The lies were the same as today. – With what did England go to war back then? One said back then: First, Great Britain fights for the freedom of the little nations. We then later saw how England treated the freedom of these little nations, how little, above all, these so-called statesmen concerned themselves with the freedom of these little nations, how they suppressed minorities, mistreated folks and they also do this today, after all, insofar as it corresponds to their goals and fits their program. Then one said: England fights for justice! England, however, had for 300 years already fought for justice and received as reward for it from the dear Lord roughly 40 million square kilometers on earth and, furthermore, 480 million people to rule over. So does God reward the folks who fight “only for justice”! Especially the folks, who fight for the “self-determination of the others”; for England, after all, back then also fought for the right of self-determination. One declared: The British soldier does not go to the field for any selfish interests at all. He fights for the right of self-determination of the folks. – One could have then expected that immediately after the war England, leastwise in its own world empire, England would proclaim self-determination. But one spared oneself that or one saved oneself for the next war!

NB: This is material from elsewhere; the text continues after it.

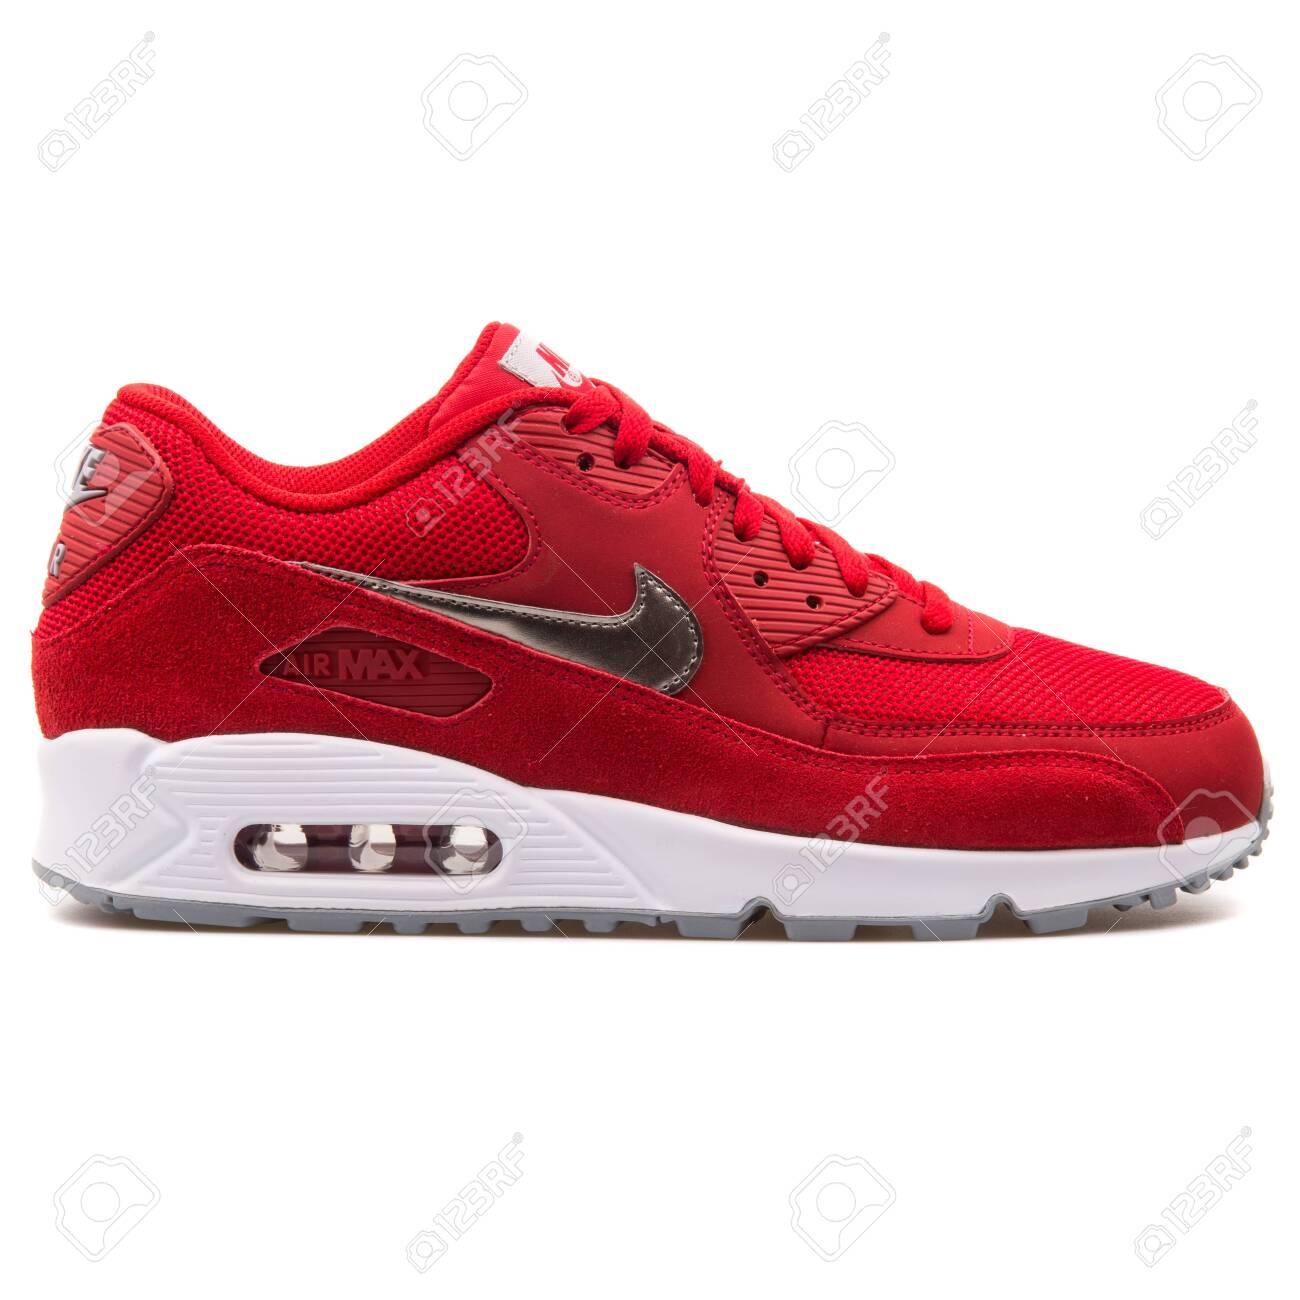 2017 Neu Shop Nike Air Max 90 Essential Schuhe Turnschuhe

And then England fought back then for “civilization”, but that exists only in England. Only in the English mining regions does civilization exist, only in the English slums does civilization exist, in Whitechapel and in the other quarters of mass misery and of decay!
And furthermore, back then – and also since then – England goes to the field for “humanity”. But one first loaded humanity into shells as gunpowder. But one may also fight with poor weapons, after all, if one just fights for a noble, lofty goal. And England has always done that!
And one went a step farther. One declared back then: We English do not fight against the German folk at all, quite the opposite, the German folk, we English love it; we, the Churchills, the Chamberlains etc., we do not fight against the German folk. We all only fight against the regime suppressing the German folk. For we English have only one task: to free Germany from its regime in order to make the German folk happy. And for this purpose, we English fight above all for it that the German folk is relieved of the burdens of its militarism. It should become free, it could go so far that it no longer needs to bear any weapons. And if it should ever itself have a wish, then we want to go a step farther. We want to prevent it from ever again being able to bear weapons, in order to make it completely free, the German folk. And one declared it is furthermore a mean trick, if one claims of us English that we had, say, anything against German commerce in the whole world. Quite the opposite, we want to secure freedom of trade in the whole world. We hence also have nothing against the German merchant marine. That is also a lie – declared Mr. Churchill back then. And one further declared that it is an even more infamous defamation, if, say, one wants to ascribe to the English as war goal that they had designs on the German colonies, a mean trick to even just think such a thing. So did one declare 1914, 1915, 1916, 1917 and even still in 1918.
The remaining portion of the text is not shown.